::: Given material :::

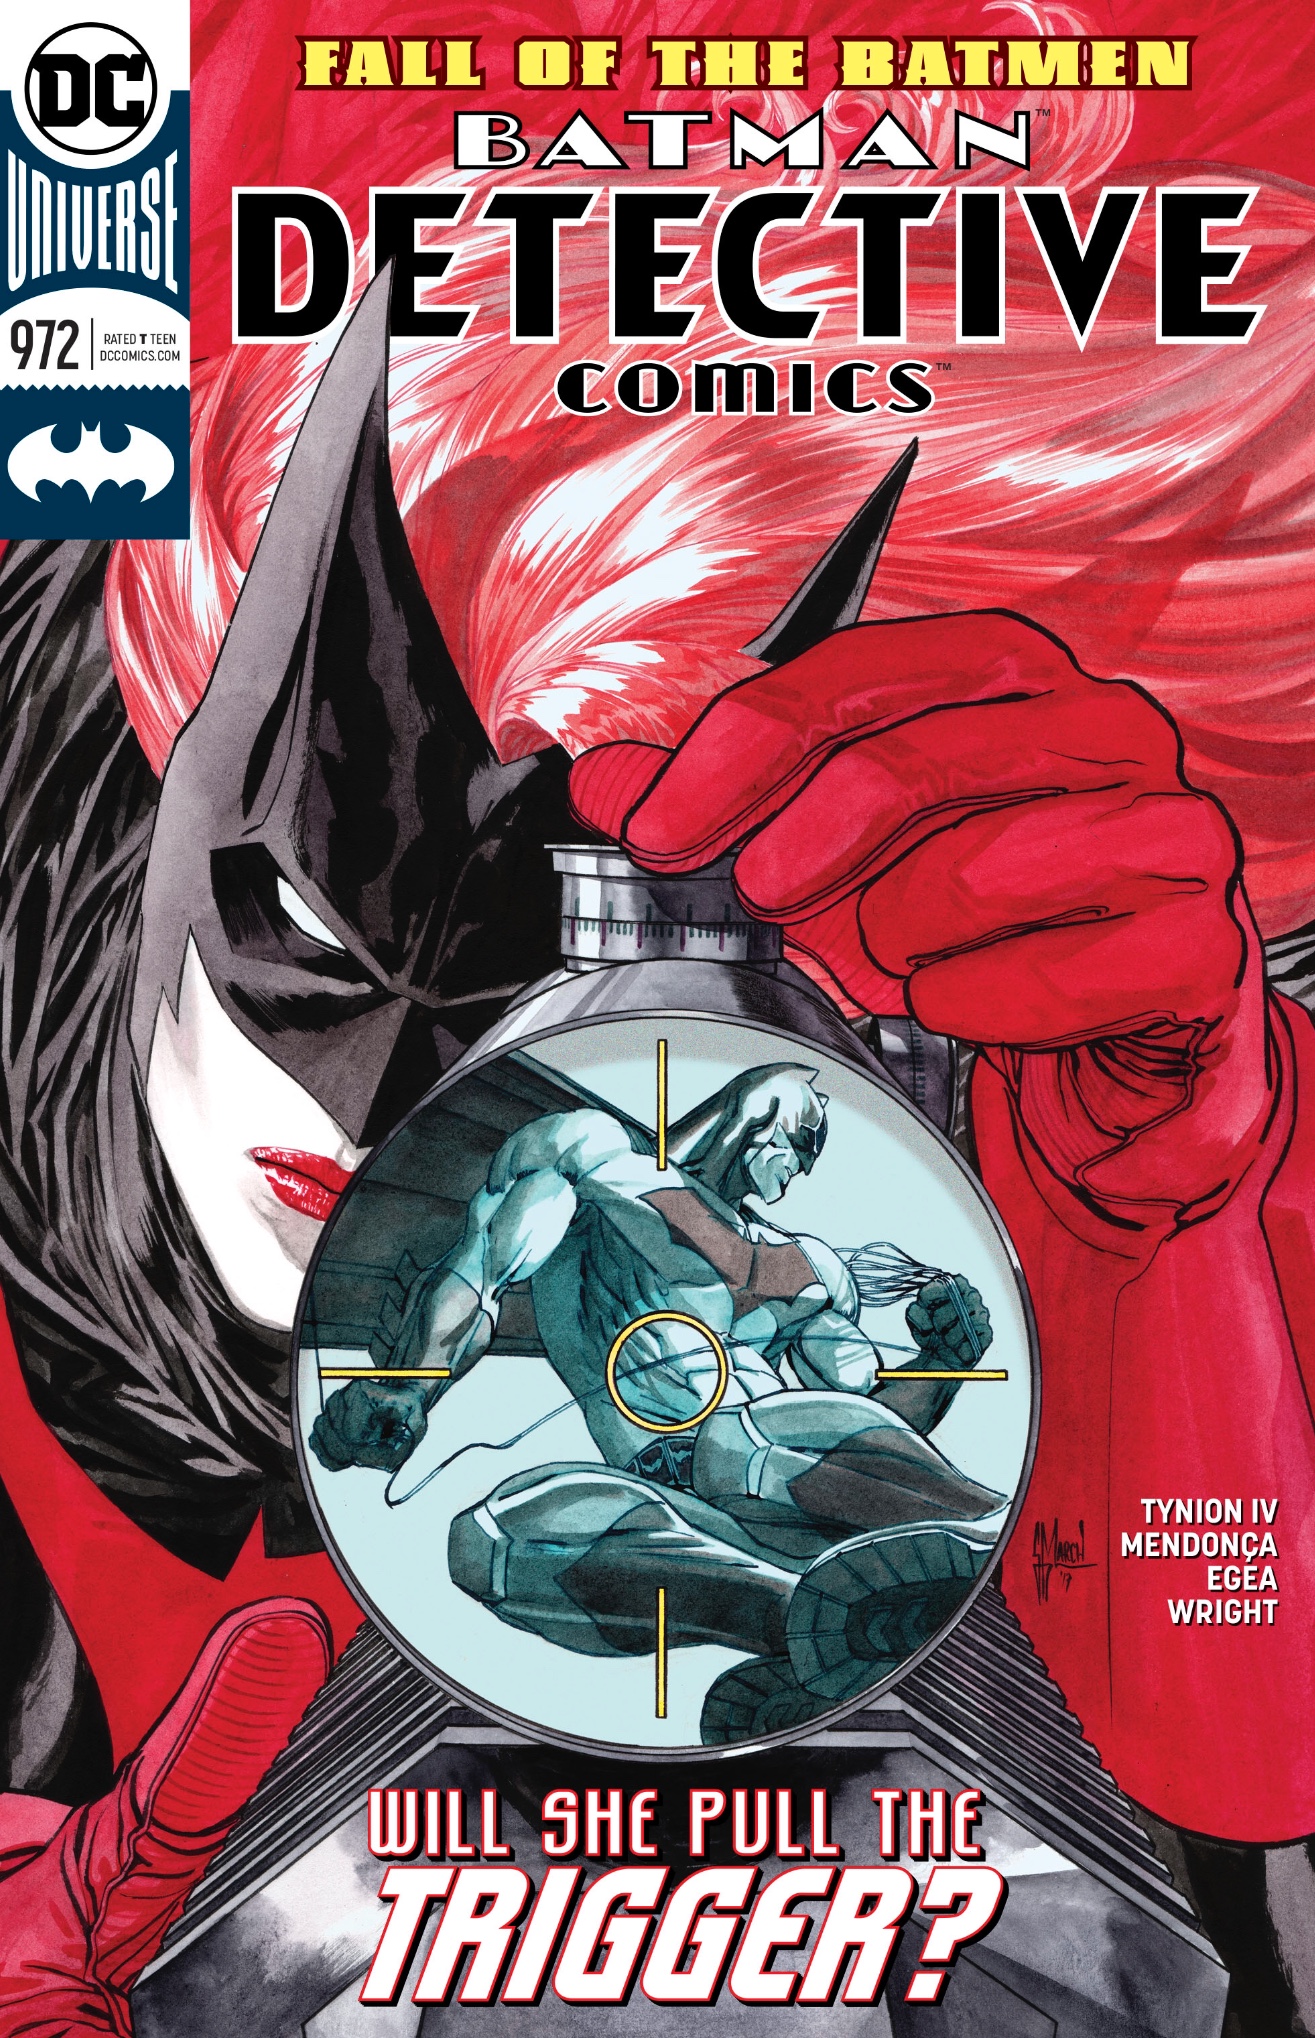 Detective Comics #972: Fall of the Batmen part four
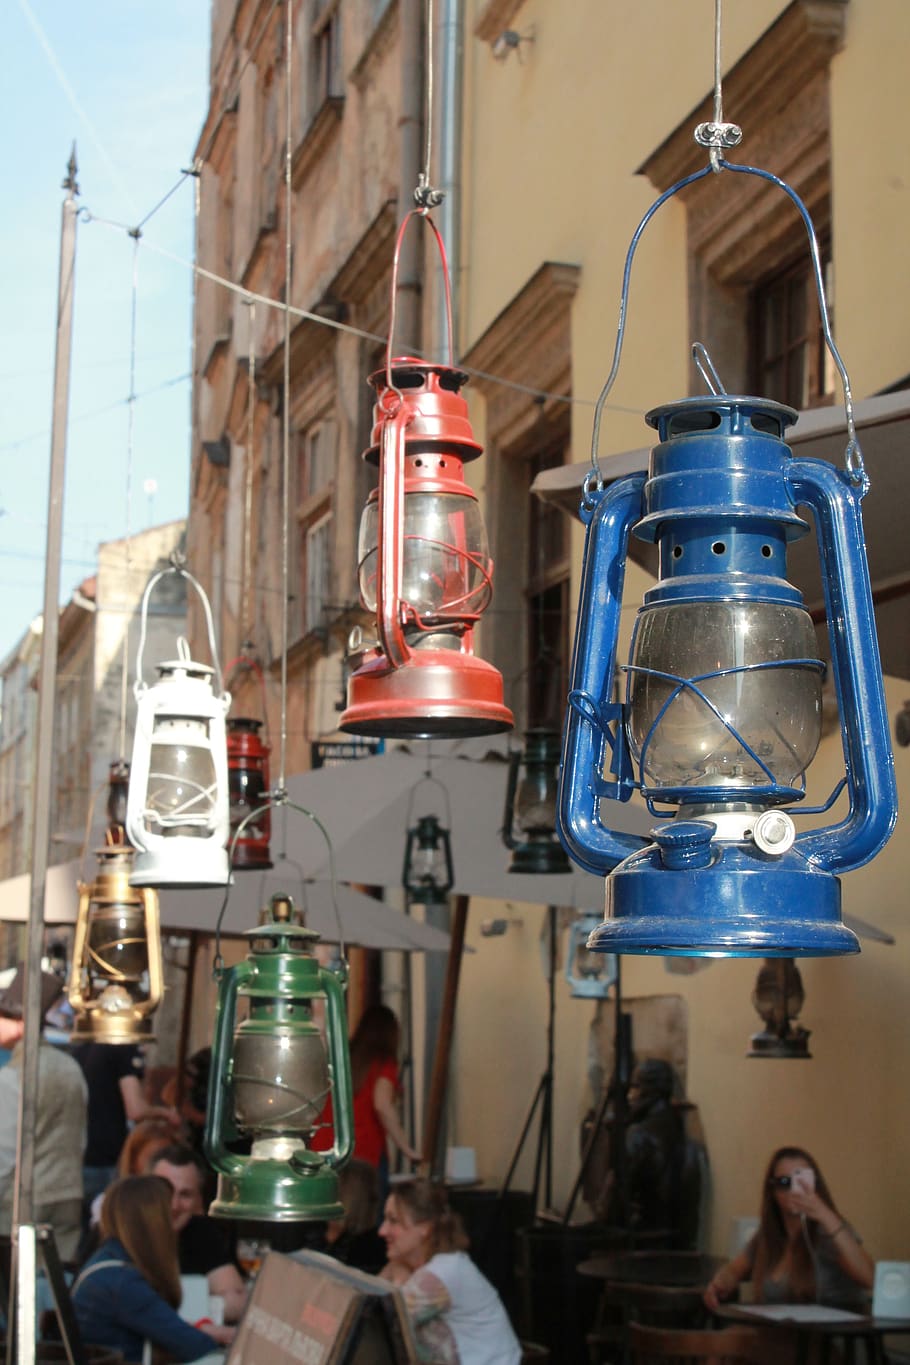 cahaya, jalan, ornamen, ukraina, lviv, café, lampu, barang-barang lama, lampu minyak tanah, roman
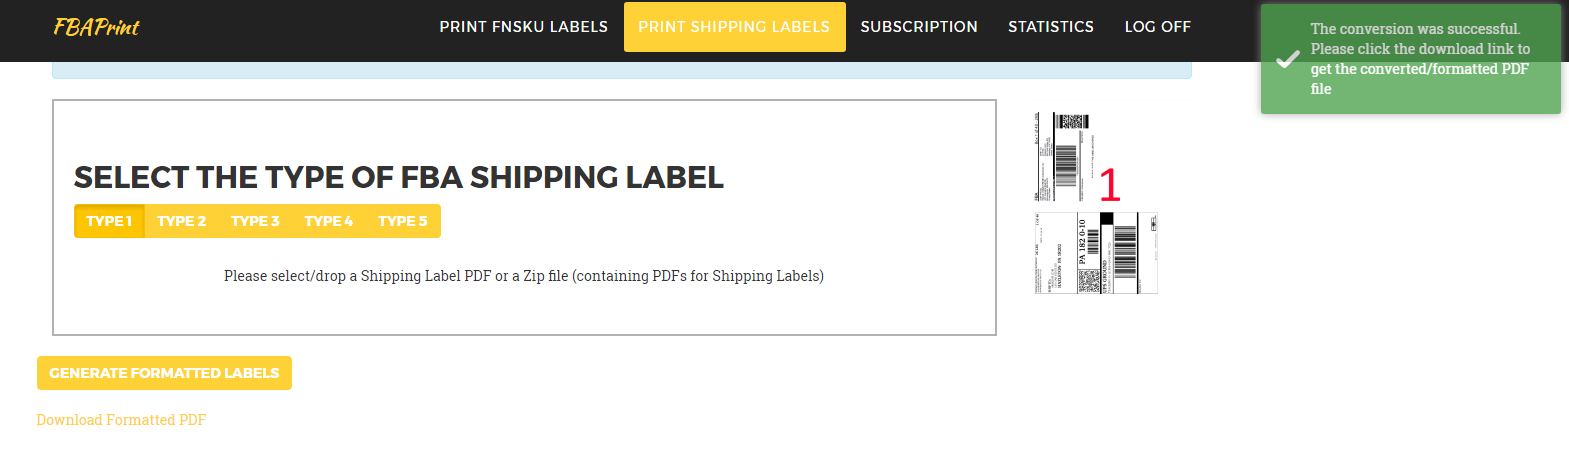 Product Label Converter Screenshot - Step 3

:::

▶ Task prompt: The listing above is to be retyped exactly, with all pictures left out.

▶ Written answer:
 Detective Comics #972: Fall of the Batmen part four
 cahaya, jalan, ornamen, ukraina, lviv, café, lampu, barang-barang lama, lampu minyak tanah, roman
 Product Label Converter Screenshot - Step 3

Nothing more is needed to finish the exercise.